Sim — data center sustentável com energia renovável ainda tem consumo de água crítico. A RT-One promete eficiência energética, matriz renovável e resfriamento avançado. A pegada que some do pitch não é o kWh: é o litro. Em Uberlândia, o paradoxo é local — 239 mil L/dia declarados ao DMAE sob estresse hídrico no Triângulo.
Paradoxo: data center “sustentável” ainda consome água crítica
Pesquisadores da Unesp e Unifesp alertam há meses sobre um fenômeno que chamam de paradoxo hidrodigital. Resumidamente: quanto mais “verde” e avançada a infraestrutura promete ser, mais intensiva ela tende a ser justamente no recurso que mais escasseia — a água doce.
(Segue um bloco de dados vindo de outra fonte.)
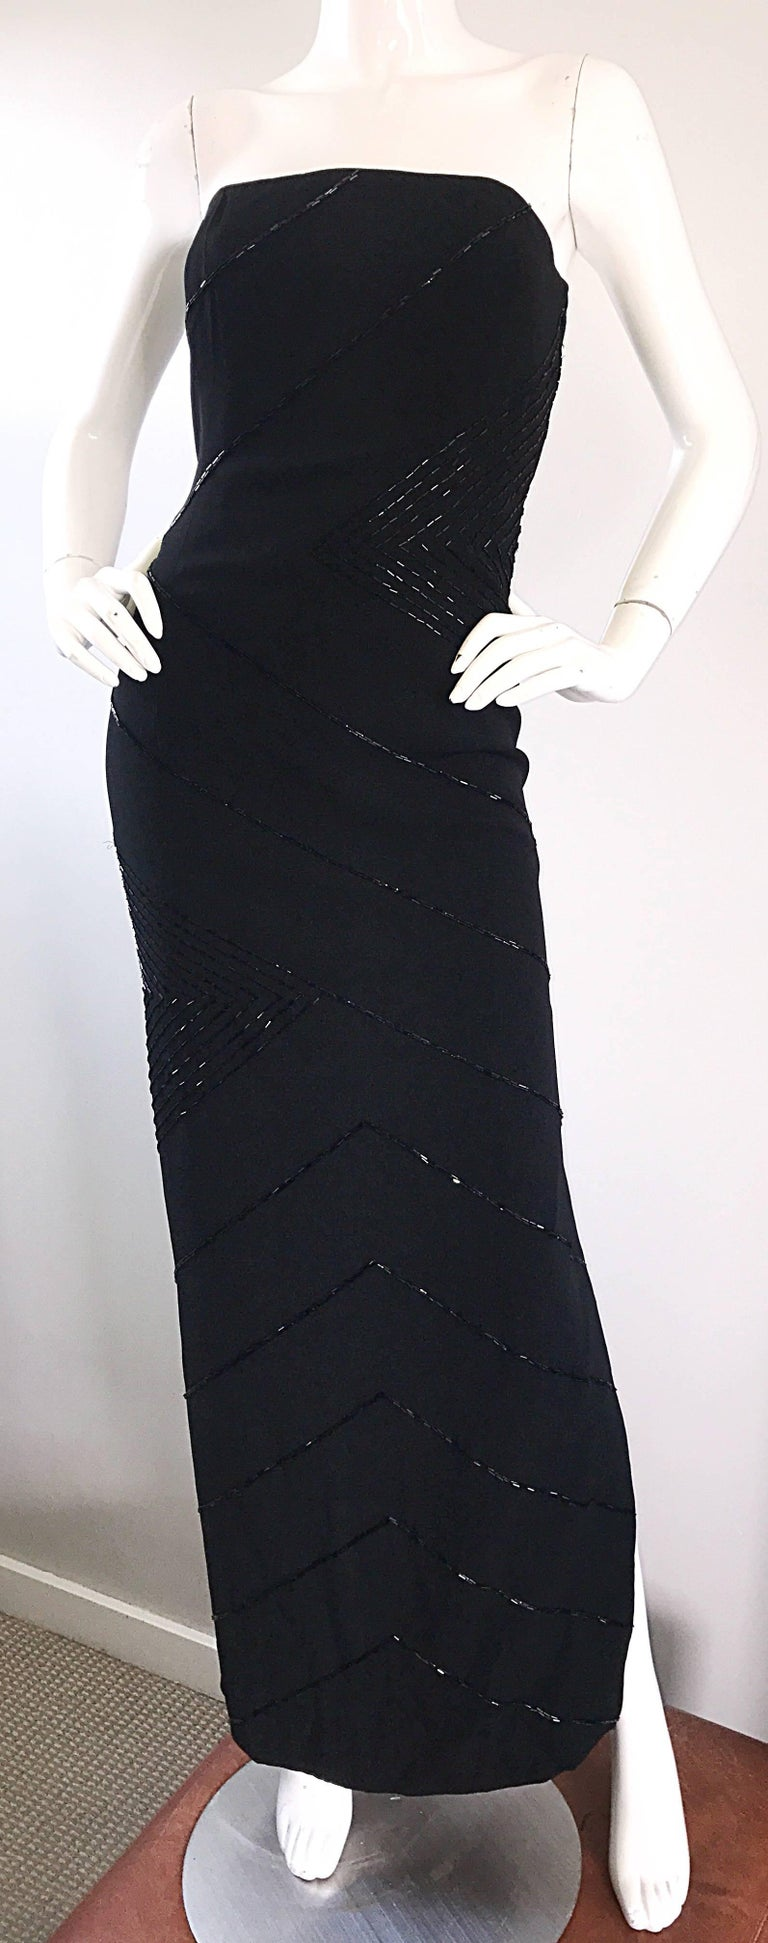 Vintage BIll Blass Black 1990s Beaded Size 8 90s Strapless Evening Dress For Sale 2

Reportagens e análises de setor usam, como ordem de grandeza, cerca de 2 milhões de litros por dia para um data center típico em resfriamento evaporativo — cifra de referência, não medição do RT-One. Não é ar-condicionado de escritório. É demanda contínua, 24/7, sem pausa.
O RT-One declarou ao DMAE 239,3 mil litros por dia (2,77 L/s). É menor que essa referência global. Mas Uberlândia fica na bacia do aquífero Guarani e no Triângulo Mineiro, onde crises hídricas já pressionam o abastecimento.
A empresa afirma eficiência. Os pesquisadores alertam que essa eficiência, por maior que seja, não elimina a demanda. Apenas a torna “mais verde” no papel.
Unesp, Unifesp e USP contra a narrativa verde
Três universidades públicas brasileiras — Unesp, Unifesp e USP — publicaram alertas estruturados sobre essa estratégia de comunicação. A Unesp mapeou o investimento federal em isenções fiscais (Redata) para data centers justamente quando o setor público pede economia de água. Não é coincidência. É contradição estrutural.
A Unifesp acende o debate hídrico-energético no Brasil; a ordem de grandeza global vem da Agência Internacional de Energia (IEA): demanda hídrica de data centers da ordem de 560 bilhões de litros (referência recente) com projeção de cerca de 1,2 trilhão de litros até 2030 se a tendência se mantiver — projeção, não medição local.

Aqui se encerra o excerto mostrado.